The planned upgrade is wallet-derived encryption using PBKDF2. Your wallet signature will generate a unique encryption key that only you can produce. This means even if someone compromised our entire server, they still couldn't read your conversations — because the key lives in your wallet, not on our infrastructure. This is the endgame: true zero-knowledge encryption where we are mathematically incapable of reading your data.
API
AirModel has a straightforward chat completions API. Send messages, get responses. It uses the standard chat completions format that most AI tools already understand, so integrating with existing workflows is trivial.
Endpoint
POST https://app.airmodel.io/api/v1/chat/completions
Request format
Send a JSON body with the model you want and an array of messages. Each message has a role (system, user, or assistant) and content.

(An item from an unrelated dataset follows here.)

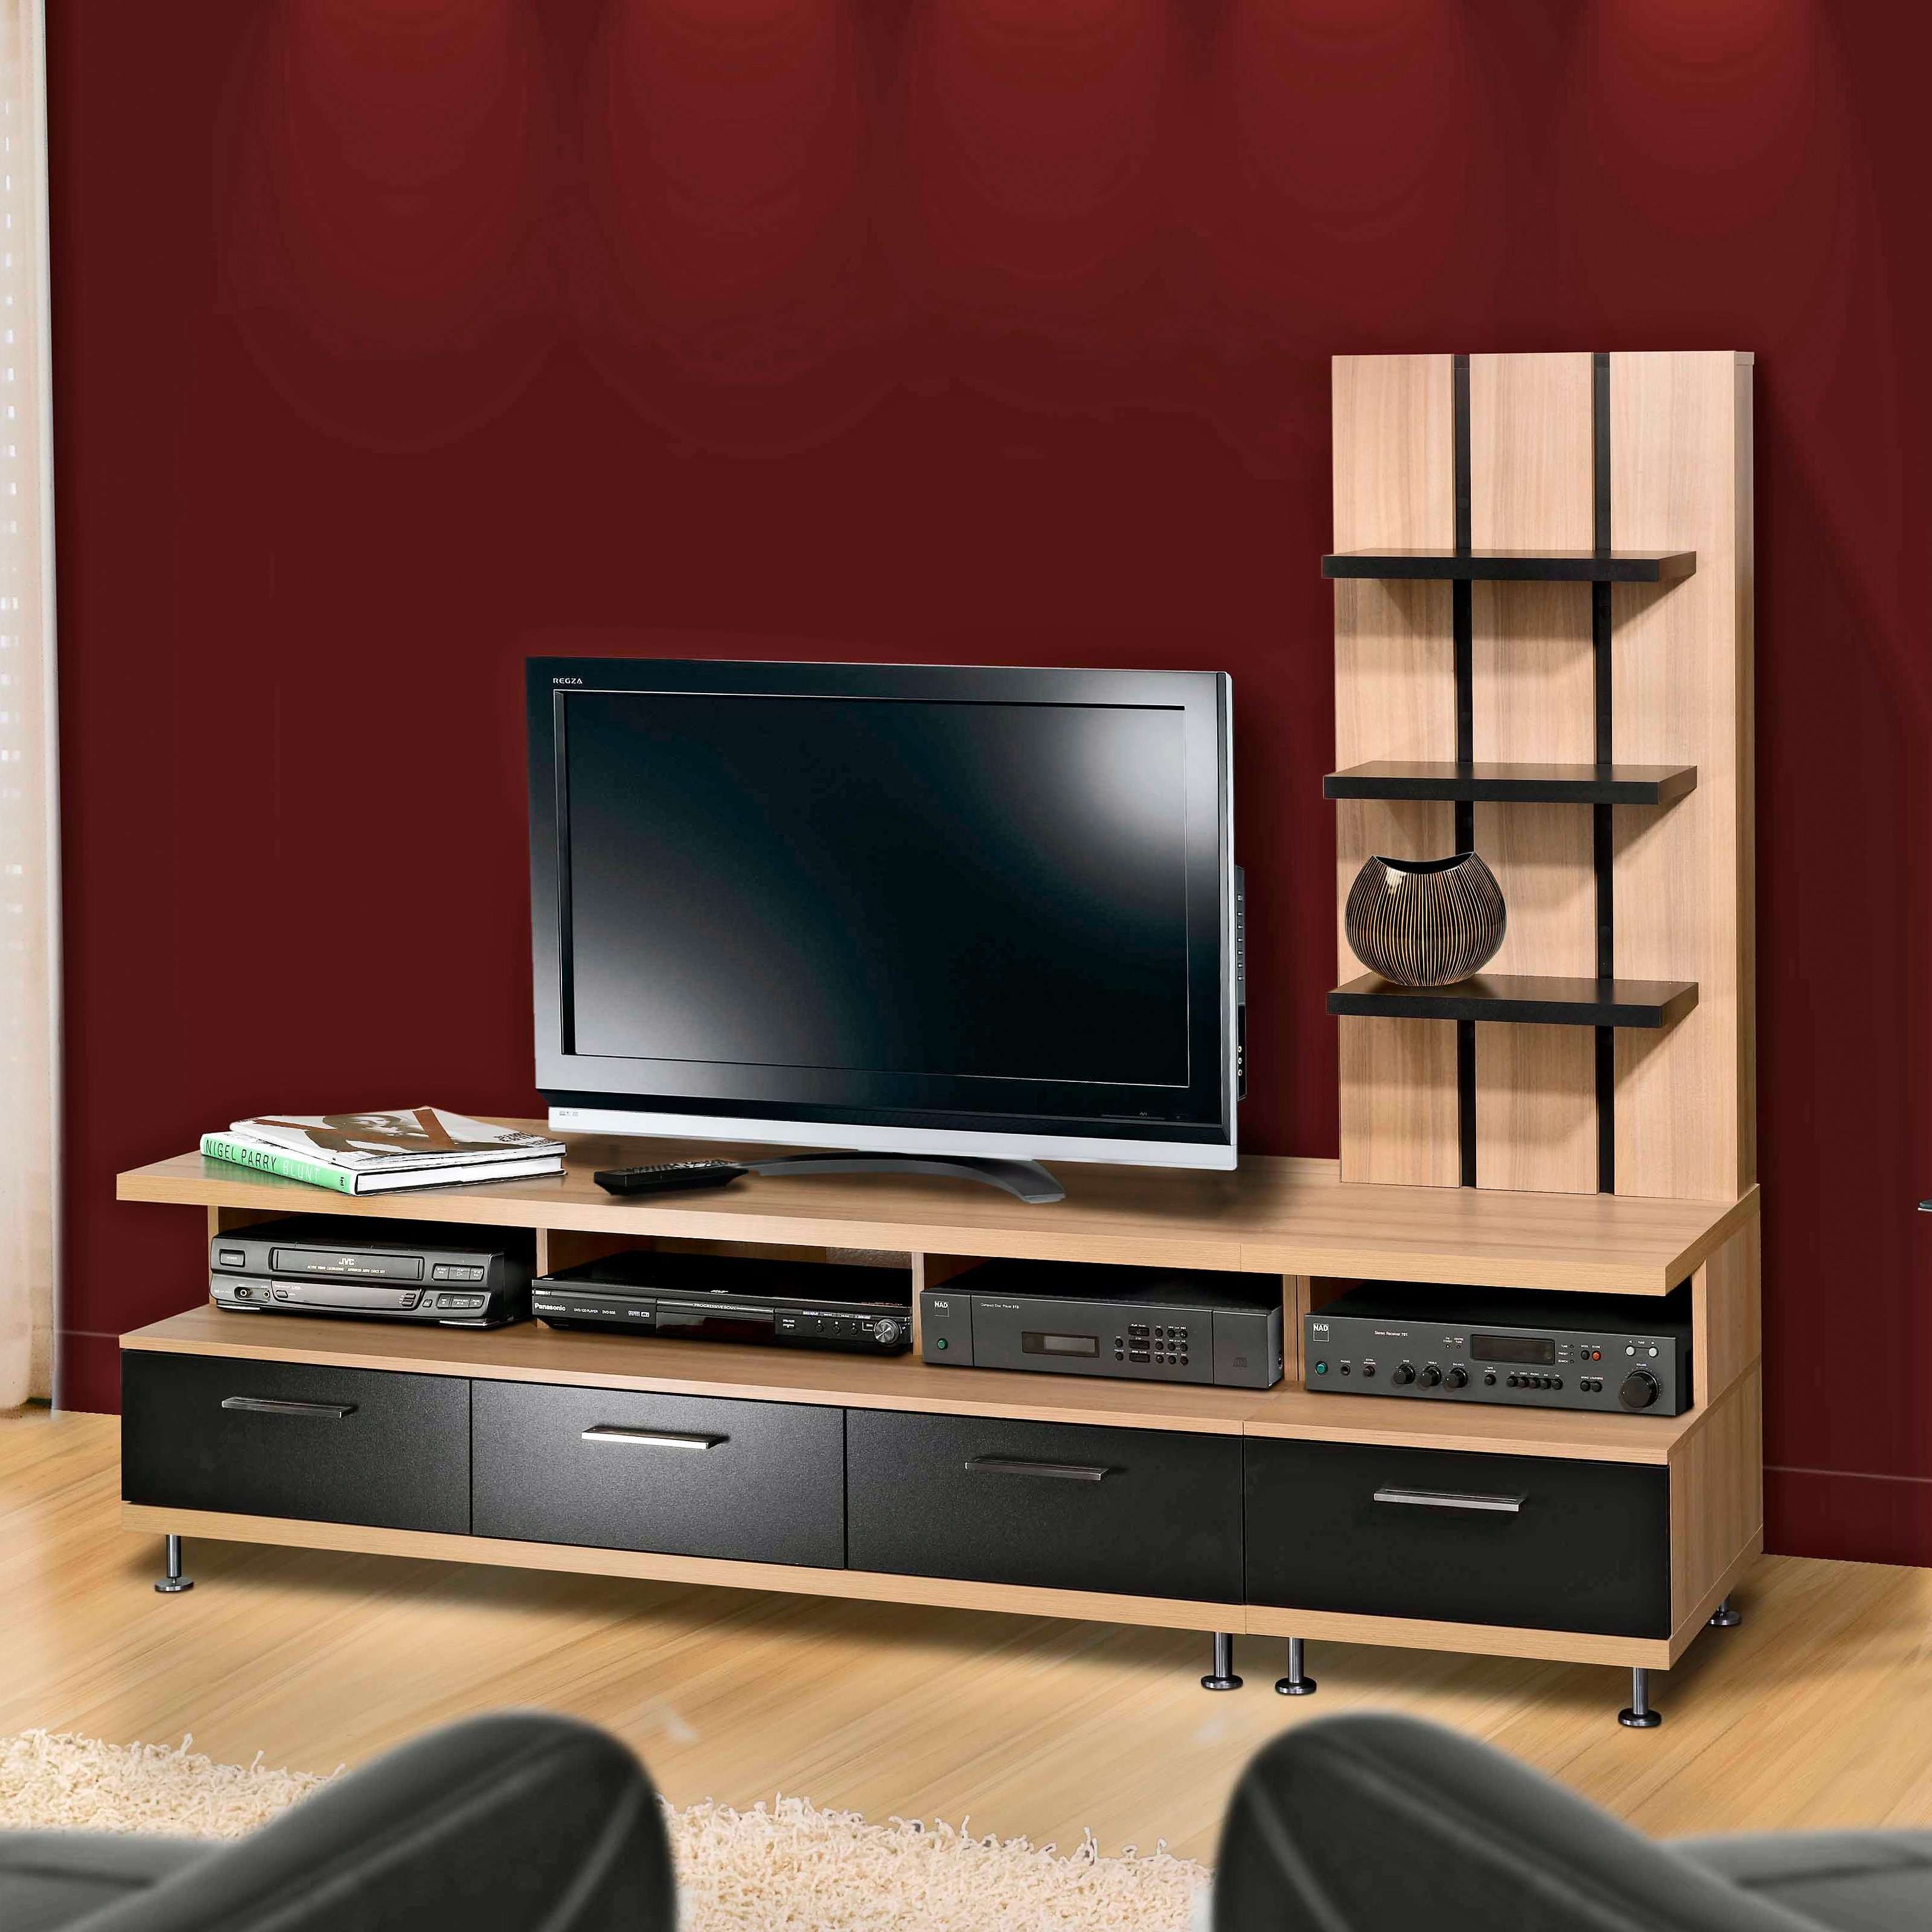 Contemporary Tv Consoles For 60 Inch Tv : Best Contemporary Tv Regarding Contemporary Tv Cabinets For Flat Screens (Gallery 1 of 20)
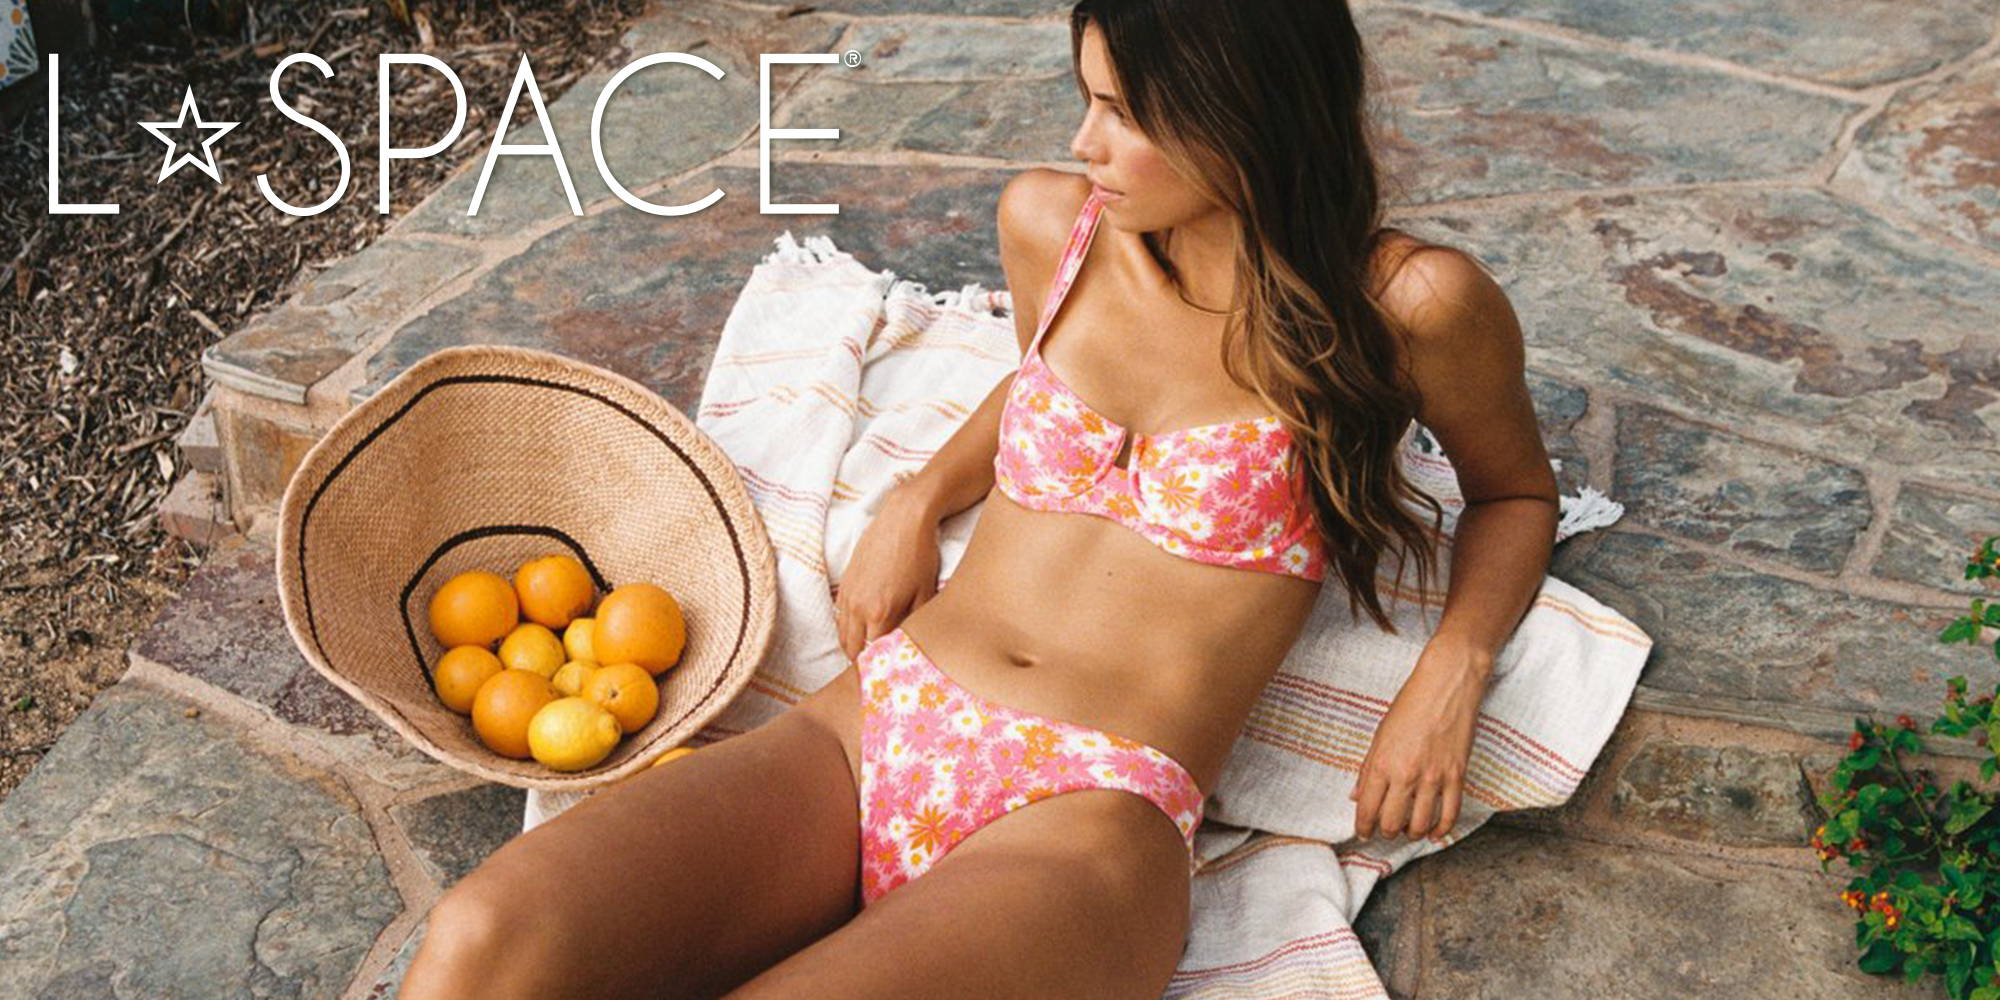 Women's L*Space swimwear in floral prints and bright colors

The system message is optional — use it to set the model's behavior for the conversation.
{
"model": "llama-3-8b",
"messages": [
{"role": "system", "content": "You are a helpful assistant."},
{"role": "user", "content": "Explain quantum entanglement simply."}
],
"stream": true,
"temperature": 0.7,
"max_tokens": 4096
}
Available model IDs
- llama-3-8b — fast general purpose
- mistral-7b — fast general purpose (alternative)
- llama-3-70b — high quality reasoning
- dolphin-mistral — uncensored
- deepseek-coder — code generation
Streaming
Set "stream": true to receive Server-Sent Events (SSE). Each event contains a delta with the next chunk of the response, so you can display tokens as they arrive. The stream ends with a [DONE] event. This is the same streaming format used across the industry, so any SSE client will work.
Non-streaming
Set "stream": false (or omit it) to receive the complete response as a single JSON object. Useful for batch processing or simple integrations where you don't need real-time output.
The AirModel API follows the standard chat completions format. If you've built against any chat completions API before, you already know how this works. Same message structure, same streaming protocol, same response shape.
Integration Examples
Python
import requests
response = requests.post(
"https://app.airmodel.io/api/v1/chat/completions",
json={
"model": "llama-3-8b",
"messages": [{"role": "user", "content": "Hello"}]
}
)
data = response.json()
print(data["choices"][0]["message"]["content"])
JavaScript
const res = await fetch("https://app.airmodel.io/api/v1/chat/completions", {
method: "POST",
headers: { "Content-Type": "application/json" },
body: JSON.stringify({
model: "dolphin-mistral",
messages: [{ role: "user", content: "Hello" }]
})
});
const data = await res.json();
console.log(data.choices[0].message.content);
cURL
curl -X POST https://app.airmodel.io/api/v1/chat/completions \
-H "Content-Type: application/json" \
-d '{
"model": "llama-3-70b",
"messages": [{"role": "user", "content": "Hello"}],
"stream": false
}'
The API is currently open to allow easy integration and testing. Once the $AIR token is live, API access will be token-gated — the same wallet-based verification used by the web app will be available for programmatic access.